“‘There is a great crowd coming one day into our lives, if that be so,’ Sydney Carton struck in, in his moody way. The footsteps were incessant, and the hurry of them became more and more rapid. The corner echoed and re-echoed with the tread of feet; some, as it seemed, under the windows; some, as it seemed, in the room; some coming, some going, some breaking off, some stopping altogether; all in the distant streets, and not one within sight.” (Dickens, 98)
These ghostly footsteps seem to be a heavily recurring theme in Dickens’ writing, as they keep popping up all over the place. The characters seem to have different beliefs as to what these footsteps mean: Lucie believes they are the temporal echoes of people who have yet to enter her and her father’s lives, and so she harbors a benevolent attitude towards them; Charles Darnay seems to have a bit of a more snarky attitude towards them, not really believing that they are anything in particular, as evident in the way that he almost teases Lucie about them (being that he doesn’t seem to be able to hear them); but Sydney Carton has a more braced and paranoid attitude towards these footsteps, believing them to be of some great crowd that will crush them all beneath its feet.
“And I hear them!…Here they come, fast, fierce, furious!” (Dickens, 98). As Carton exclaims these words, Dickens attributes it all to him actually just mistaking the approaching storm for the sound of thundering footsteps. But what if this is just Dickens’ own verbal subtlety at its finest? He claims that Carton is actually hearing just a normal storm, but what if Dickens is implying that the footsteps are the storm? Carton may be the most correct one out of the three in regards to what the footsteps actually mean. The story, at this time, takes place in the calm before the storm, the years building up to the French Revolution. And, (spoiler alert), the latter part of the story will take place during the actual revolution. The footsteps that Carton hears, then, are in all likelihood the thundering approach of these revolutionaries, who are about to enter their lives in a big way.
This is not the only time that Dickens alludes to an eventual uprising of the people: when Madame DeFarge looks into the Marquis’s eyes, when the Marquis is killed, when there are multiple Jacques’s who could have killed the Marquis, and all of them are suspects, when the commoners attack the vehicles said to hold spies (this also contains a very foreshadow-y and relevant quote: “…for a crowd in those times stopped at nothing, and was a monster much dreaded.” (Dickens, 150)), etc. These commoners, Madame DeFarge, and countless other people are alluded to no doubt be a part of the thundering footsteps that belong to an enormous, bloodthirsty crowd who will eventually fall upon Lucie, Darnay, and Carton…and may claim one of their lives in the process.
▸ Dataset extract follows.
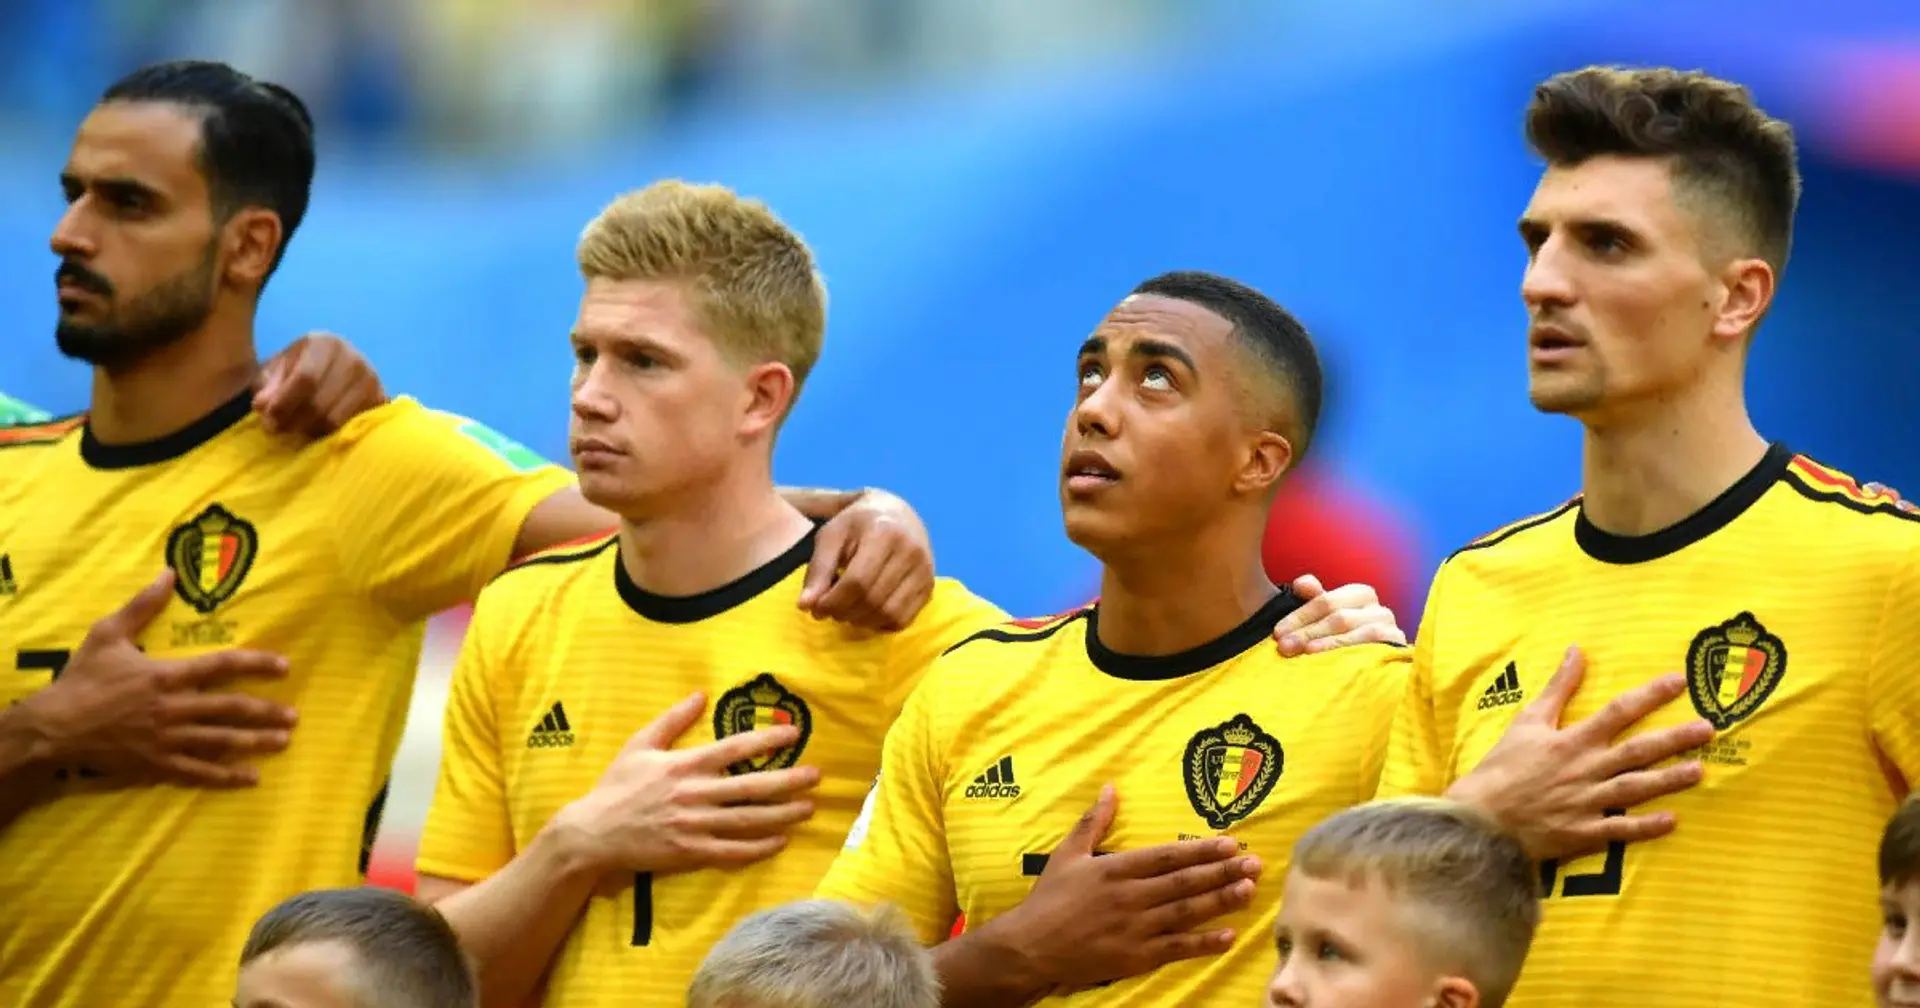 Thomas Meunier mag nicht die Nations League - und spielt nicht für Belgien

An insightful examination of Dickens’ use of footsteps in his writing. I never thought of them as thunder, portending events to come (or perhaps ones that have already passed?). It reminded me of the last chapter “The Footsteps Die Out For Ever,” which opens with the rumbling of the death carts (356). However, while these footsteps may signify the uprising of the revolution, they also signify the plodding of its victims. It also ties in with your take on Sydney Carton, as despite appearing devil-may-care, he was correct all along and ultimately turns out to be the heroic martyr.